What is best turntable for listening to Rock from the sixties like Led Zeppelin?


The sound quality isn’t great, so rather than something super revealing, something that is very musical, and can also convey the magic. Sort of the Decca cartridge equivalent of turntables. I am guessing less Caliburn and Techdas, more Linn, Roksan, Denon, EMT 927, Rega, even.
tokyojohn

Showing 5 responses by raymonda

I'm miffed as to the premise of this question. Any table and cartridge combo that is honest to timbre and reproduction should do your recordings justice. If you find the recordings are compromised and require correction of some sort, I would suggest that you don't use your source as an EQ but rather buy an EQ or something that will give you the tonal correction you require.

Using a table as a narrow and specific tone control is not the way to go. It is a dead end path and will not serve you well in the long run.


I think I settled this a while back by stating the following:


I'm miffed as to the premise of this question. Any table and cartridge combo that is honest to timbre and reproduction should do your recordings justice. If you find the recordings are compromised and require correction of some sort, I would suggest that you don't use your source as an EQ but rather buy an EQ or something that will give you the tonal correction you require.

Using a table as a narrow and specific tone control is not the way to go. It is a dead end path and will not serve you well in the long run.


.............and it still is true!

If your table is set up properly, I think your cartridge would have more of an impact on timbre and tone control than other factors. So, maybe the OP should buy a tonearm with a removable head shell and mount it on his table. Then go out and buy a few cartridges to use as tone controls for his favorite rock group. That is logic I can understand......but setting up a whole table for one group is not wise.

God forbid if the group has a deep catalog and their albums were recording in different studio's using different engineers. Really, there is little to no continuity between albums with any group that put out more than three albums over a period of time. So, you be sheet out of luck trying that model, too. At least you can swap out cartridges and find one that sounds best with that specific album. 

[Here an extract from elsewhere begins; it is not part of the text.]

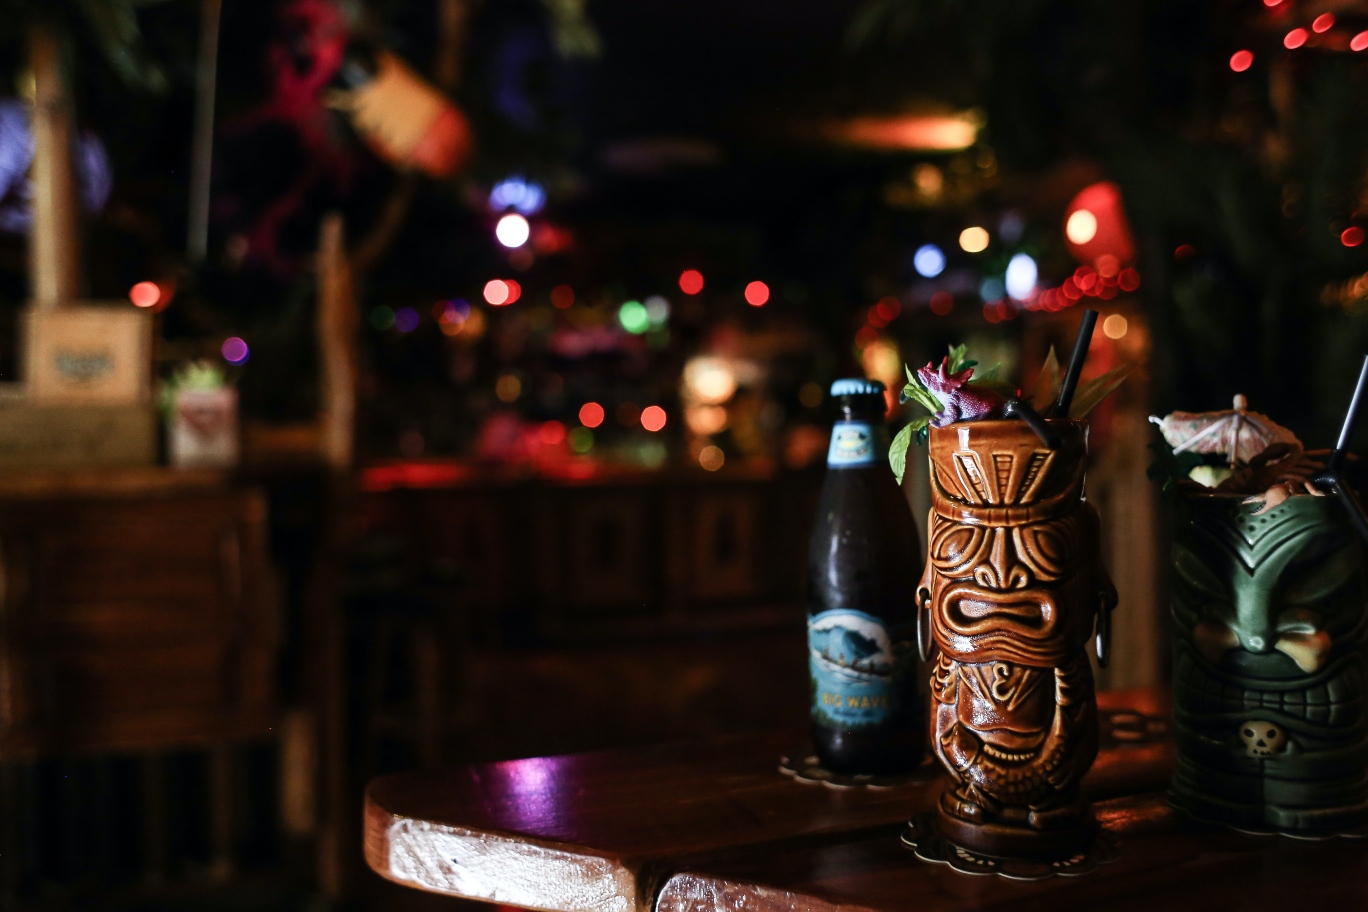 Tiki mug and beers in a tiki bar-themed man cave

In the end you might be just better off getting an EQ. They really make some nice digital ones these days that are not very expensive.

Can you imagine having a Beatles Turntable, a Rolling Stones Turntable, Kinks Table, Grateful Dead, James Taylor, Stevie Wonder, Miles Davis, Coletrain.........sheet, you'd might end up with 100 different tables.

Don't even get me going a different cables for different groups. 

IMHO, tables and arms are built for neutrality. Not that all are good at this. Cartridges are to, however, they miss the mark......and some more than others. What they do well, or not so well, may in fact make them suitable as a tone control.

But unless you have unlimited funds and a large space for several tables, I still believe that searching for a table, to use a a specific tone control is not wise for all the reason stated.

No one is saying that equipment can't have qualities suited for what you might consider a flawed album but the solution presented creates more problems then it solves.

Stick with swapping out cartridges or go out and buy an EQ.

It's Jerry reincarnated. His cover has been blown. You should have guessed earlier. Wolf equal his guitar....circa mid late 70s  and Garcia, well, that's obvious.